Зачем, стоя перед картиной, рассказывать, что она изображает? Я обернулась: за мной стояли человек пятнадцать в черных очках.
– Сцена, вероятно, подсказана художнику Книгой Бытия – глава 26, стих 8, другими словами, это Исаак и Ревекка, – продолжал экскурсовод. – Возможно также, что Рембрандт изобразил здесь свою невестку, Магдалену ван Лоо, и сына Титуса. Обратите также внимание на фактуру полотна.
Смотритель дал понять, что хочет поговорить с гидом слепых. Они отошли на несколько шагов. На мгновение я заколебалась – не воспользоваться ли ситуацией и не переступить ли магическую желтую линию. Однако слепые меня опередили. Они принялись трогать картину. Сначала осторожно, кончиками пальцев, повторяя «Рембрандт, Рембрандт», словно желая убедиться, что полотно существует на самом деле. В следующее мгновение они уже водили по нему всей ладонью, затем один вытянул губы, словно для поцелуя, и начал лизать картину. После чего уступил место другим, которые так же безошибочно обводили языком контуры фигур среди рембрандтовских светотеней.
– Какова на вкус еврейская невеста? – спросила я слепого любителя живописи.
– Сладковатая, фон чуть горчит, – тоном знатока ответил тот.
– Вы все картины так… осматриваете?
– Не всегда удается отвлечь смотрителя хотя бы на пару секунд.
– А что вам больше всего… – я замялась, подбирая слово, – нравится?

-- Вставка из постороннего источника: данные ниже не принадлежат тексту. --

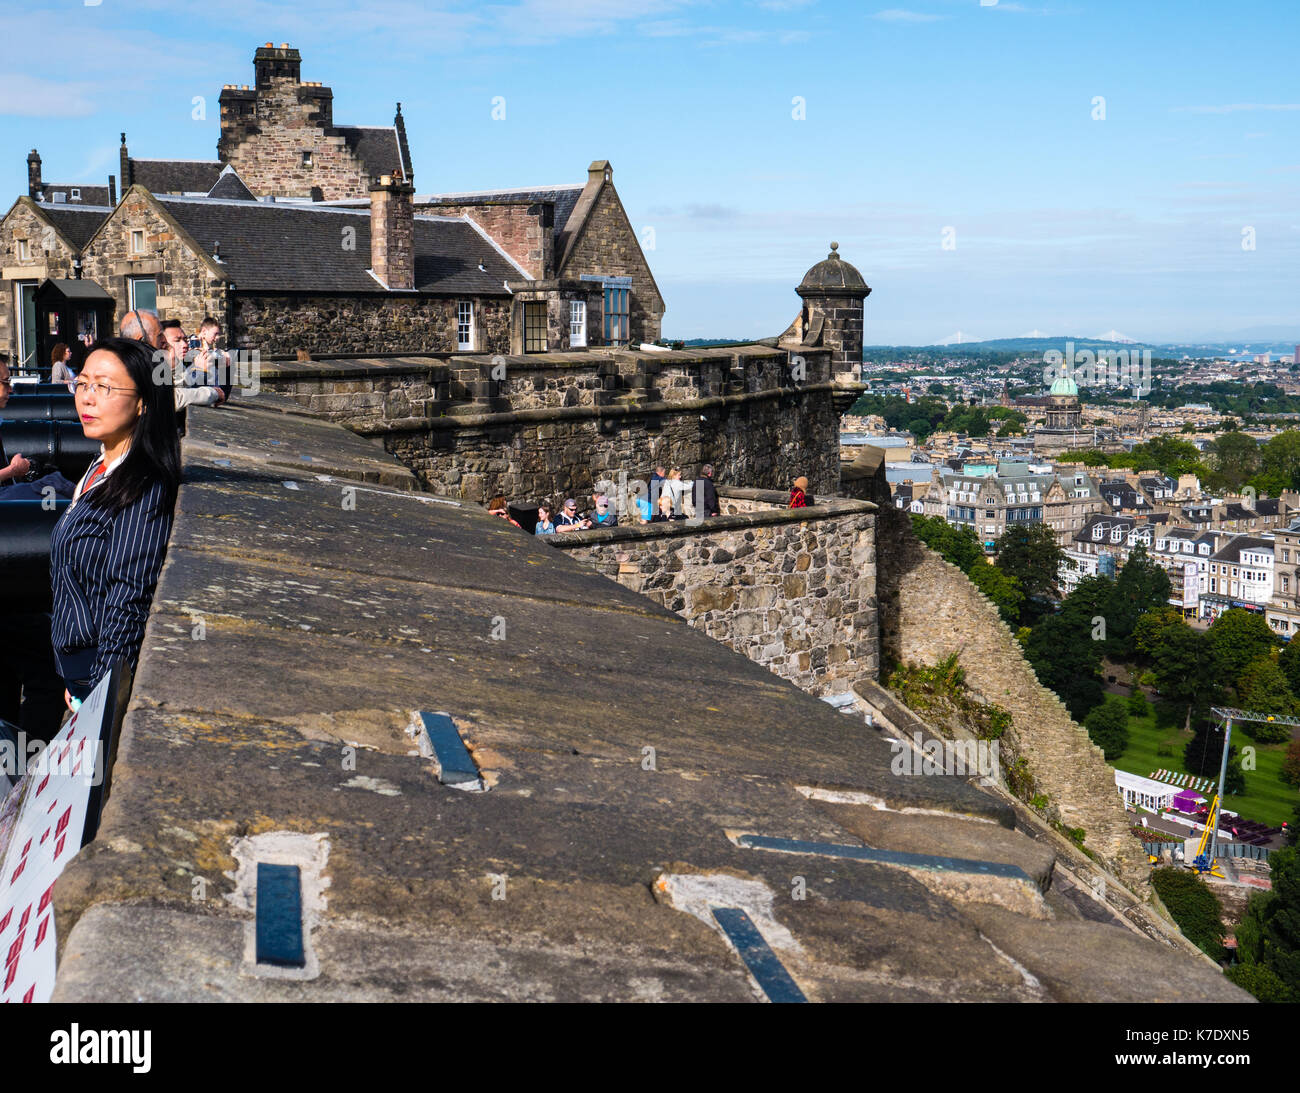 Tourists of Battlements of Edinburgh Castle, Castle Rock, Old Town, Edinburgh, Scotland, UK,GB. Stock Photo

– Вы хотели сказать «по вкусу», – рассмеялся он, постукивая белой тросточкой по сверкающим лакированным ботинкам. – Я предпочитаю старых мастеров. Их картины сохранили вкус эпохи, к тому же краски тогда делали из натуральных пигментов, что менее вредно. Современная живопись – сплошная химия, какого-нибудь Поллока страшно в рот взять, того и гляди останешься инвалидом. Вы видели «Еву» Кранаха? Это мой любимый немецкий художник. У него женщины – как живые. У Евы солоноватое тело, небольшая, терпкая на вкус грудь. Вы уж простите за подобные детали, но искусство – моя страсть. Вчера я целый день провел в Лувре.
– Огромный музей, правда? – сказала я, чтобы поддержать беседу.
– Да, но меня он разочаровал, особенно скульптура. Знаете, у Венеры Милосской на попе царапины.
17.00 – Жан, урок польского; 18.00 – обед в Лез Аль; 20.00 – подготовить доклад на пятницу. Телефон звонит… пускай. Или не туда попали, или что-то важное, а на важное у меня уже нет времени. Правда, это может быть и Жан – забыл, в каком кафе мы встречаемся.
– Алло?
– Жан.
– Я так и думала, в чем дело?
Недоуменная пауза.
– Qu'-est-ce qui c'est passe?[1]
– Приходь.
– У нас rendez-vous[2] в пять. Я уже выхожу.
– Встретимся напротивмо ипочки.
– Жан, я не понимаю, что за улица Ипочки?
– Ипочки не улица. Когда делают любовь, то говорят «напротив мои почки».
– А-а-а… Послушай, Жан, – я перешла на педагогический тон, – «Faire l'amour» нельзя перевести как «делать любовь», у нас говорят «заниматься любовью». «Делать» можно детей или суп. Кроме того, в такой… ну, в общем, в такой ситуации не говорят «Встретимся напротив моих почек». Нельзя переводить фразеологический оборот слово за словом, не думая. Если тебе хочется поболтать, то о любви уж лучше по-французски.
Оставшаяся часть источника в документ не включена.